Müşteri memnuniyeti: Araştırmaya göre pandeminin etkilerinin en yoğun yaşandığı 2020 senesinde müşteri memnuniyetinde yüzde 1’lik bir düşüş gerçekleşti. En büyük memnuniyet artışı yüzde 4 ile Brezilya’da, en büyük memnuniyet düşüşü ise yüzde 5 ile Hollanda’da oldu. Türkiye ise marka memnuniyetinde 10 üzerinden 8,7 puan alarak müşteri memnuniyetinde global ortalamanın üç puan üstünü yakaladı.
Marka tavsiye oranı: Araştırmaya göre, pandemi yılında tüketicilerin kullandıkları markaları tavsiye oranı yüzde 6 düştü. Hollanda’da bu düşüş yüzde 22 olarak kayıtlara geçti. Pandemi sürecinde tavsiye davranışını da etkileyen marka sadakati ise yüzde 2 oranında azaldı. Türkiye’ye bakıldığında ise alınan puan, 10 üzerinden 8,6 puan oldu.
Mobil uygulama kullanımı: Havayolu taşımacılığı sektöründe mobil uygulama kullanımı, 2020 senesinde yüzde 14’lük artış gerçekleştirdi. Bu, her 5 müşteriden 2’sinin mobil uygulama kullandığını gösteriyor. Türkiye ise, sektörde mobil uygulama kullanımında en yüksek orana sahip ülke. Ülkeler bazında mobil uygulama kullanımı yüzde 39 iken Türkiye’de ise bu ortalama yüzde 57.

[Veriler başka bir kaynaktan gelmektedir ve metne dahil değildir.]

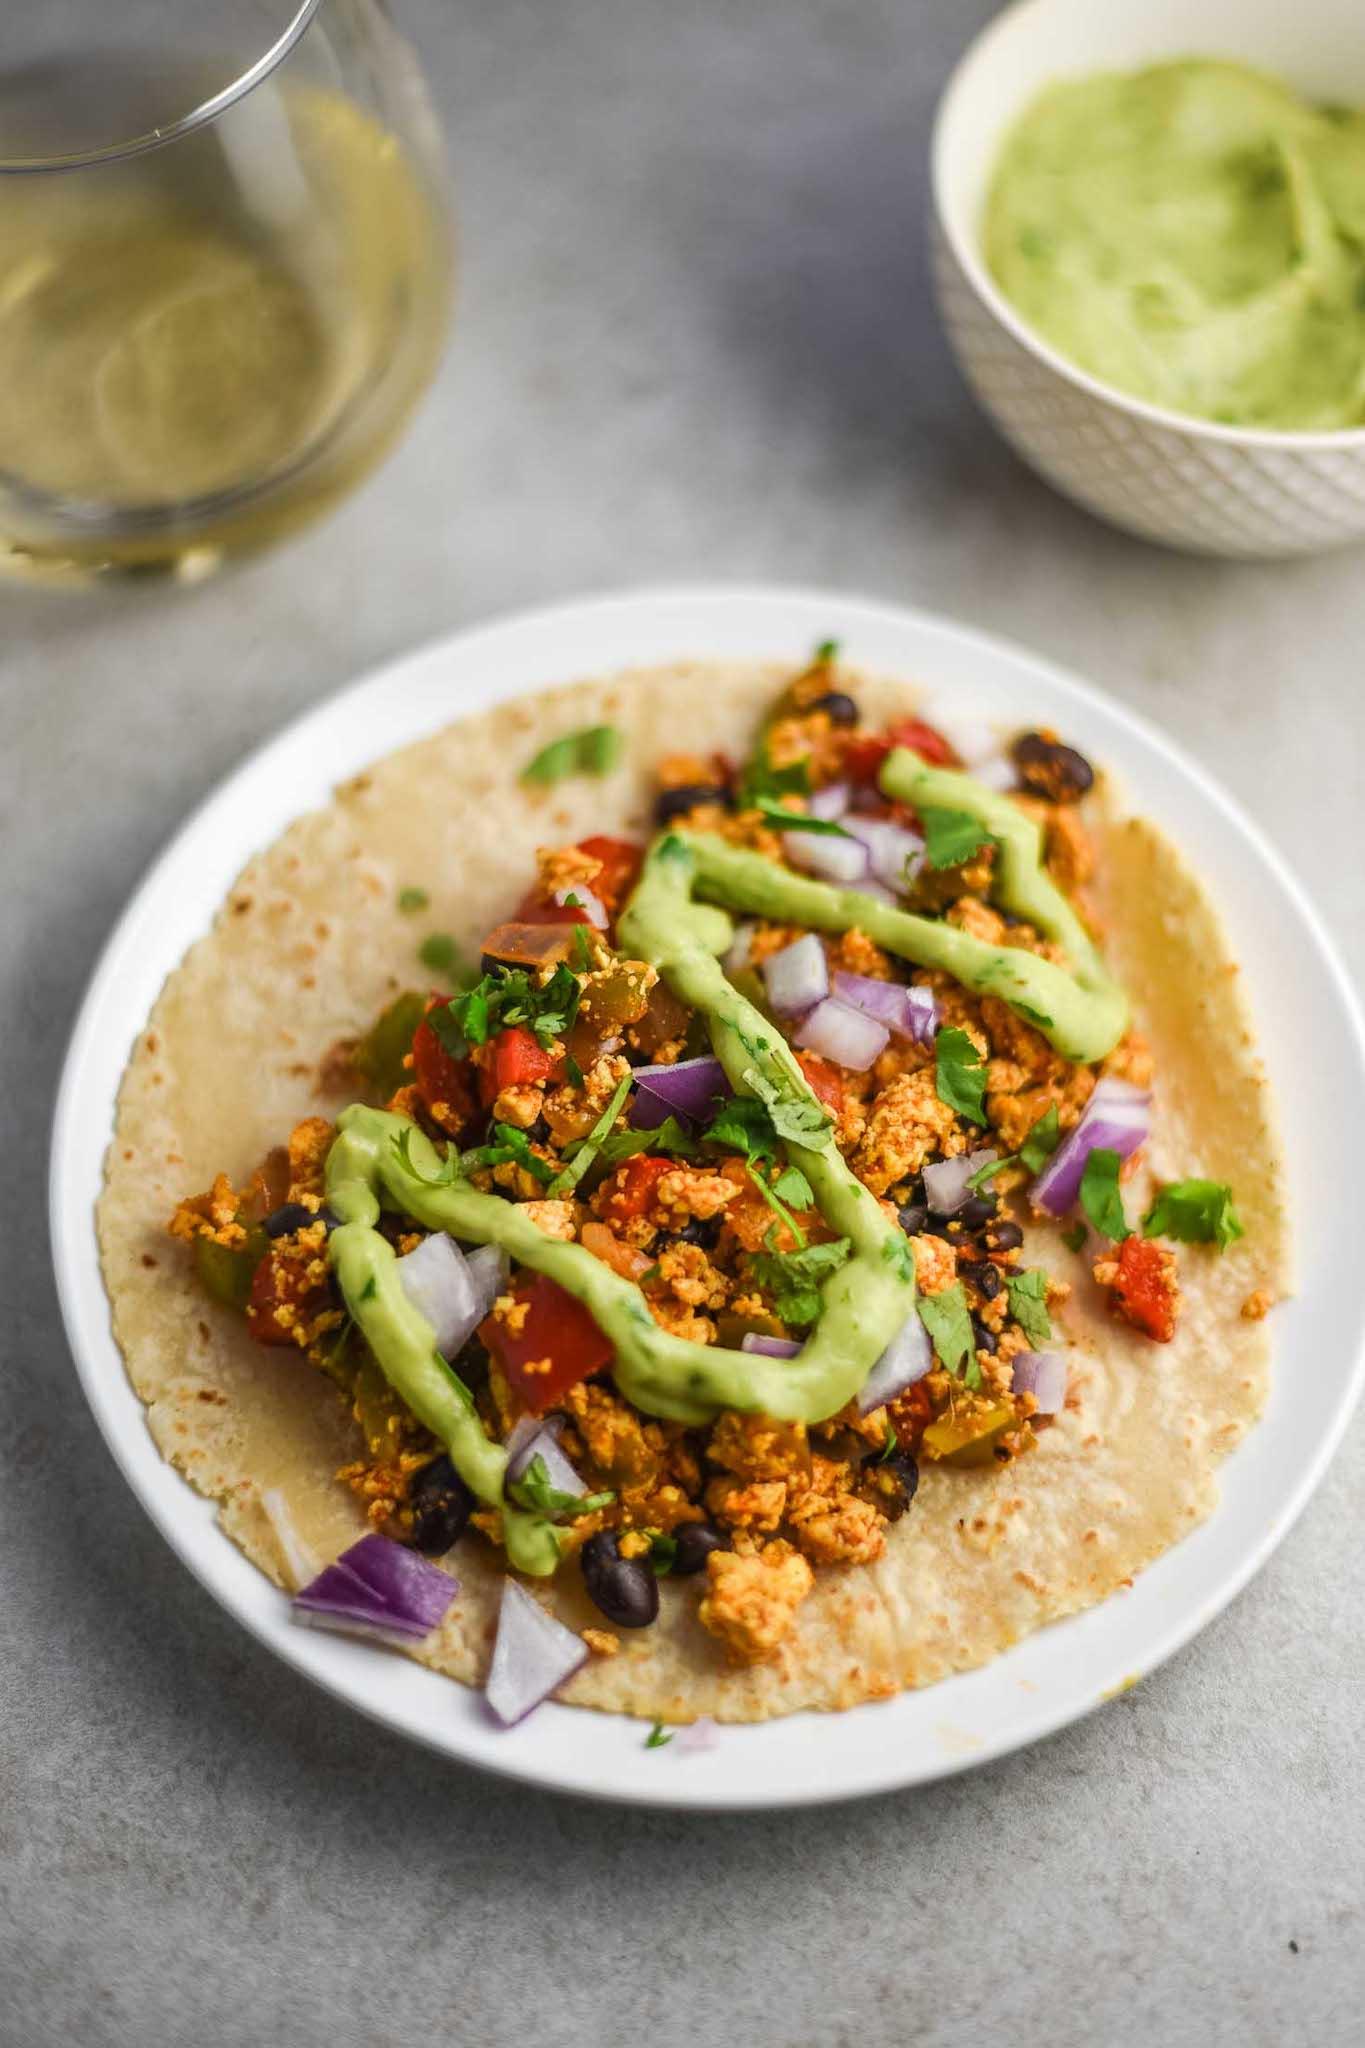 Healthy Vegan Breakfast Recipes, Tacos

Müşteri hizmetleri: Tüketicilerin yüzde 27’sinin pandemiyle birlikte uygulama üzerinden müşteri hizmetleriyle iletişime geçme sıklığı arttı. Katılımcıların yüzde 23’ü şirketle daha fazla iletişim kurduğunu, yüzde 22’si eskiye oranla destek opsiyonlarını daha fazla kullandığını, yüzde 21’i de markayla iletişime geçmek amacıyla yeni kanallar kullanmayı denediğini kaydetti.
İletişim sıklığında Türkiye: Sektörde müşterilerin yüzde 65’i markalarıyla yılda 2,3 kez iletişime geçiyor. Pandemi sürecinde müşterilerin markalarla teması ise yüzde 13 arttı. Ülkeler bazında temas sıklığı incelediğinde de Türkiye yıllık ortalama 2,7 ile müşterilerin markayla en çok iletişim kurduğu ülke oldu. Meksika 2,5 oranıyla ikinci ülke, 2,4 oranıyla Brezilya ve Çin de üçüncü ülkeler oldu.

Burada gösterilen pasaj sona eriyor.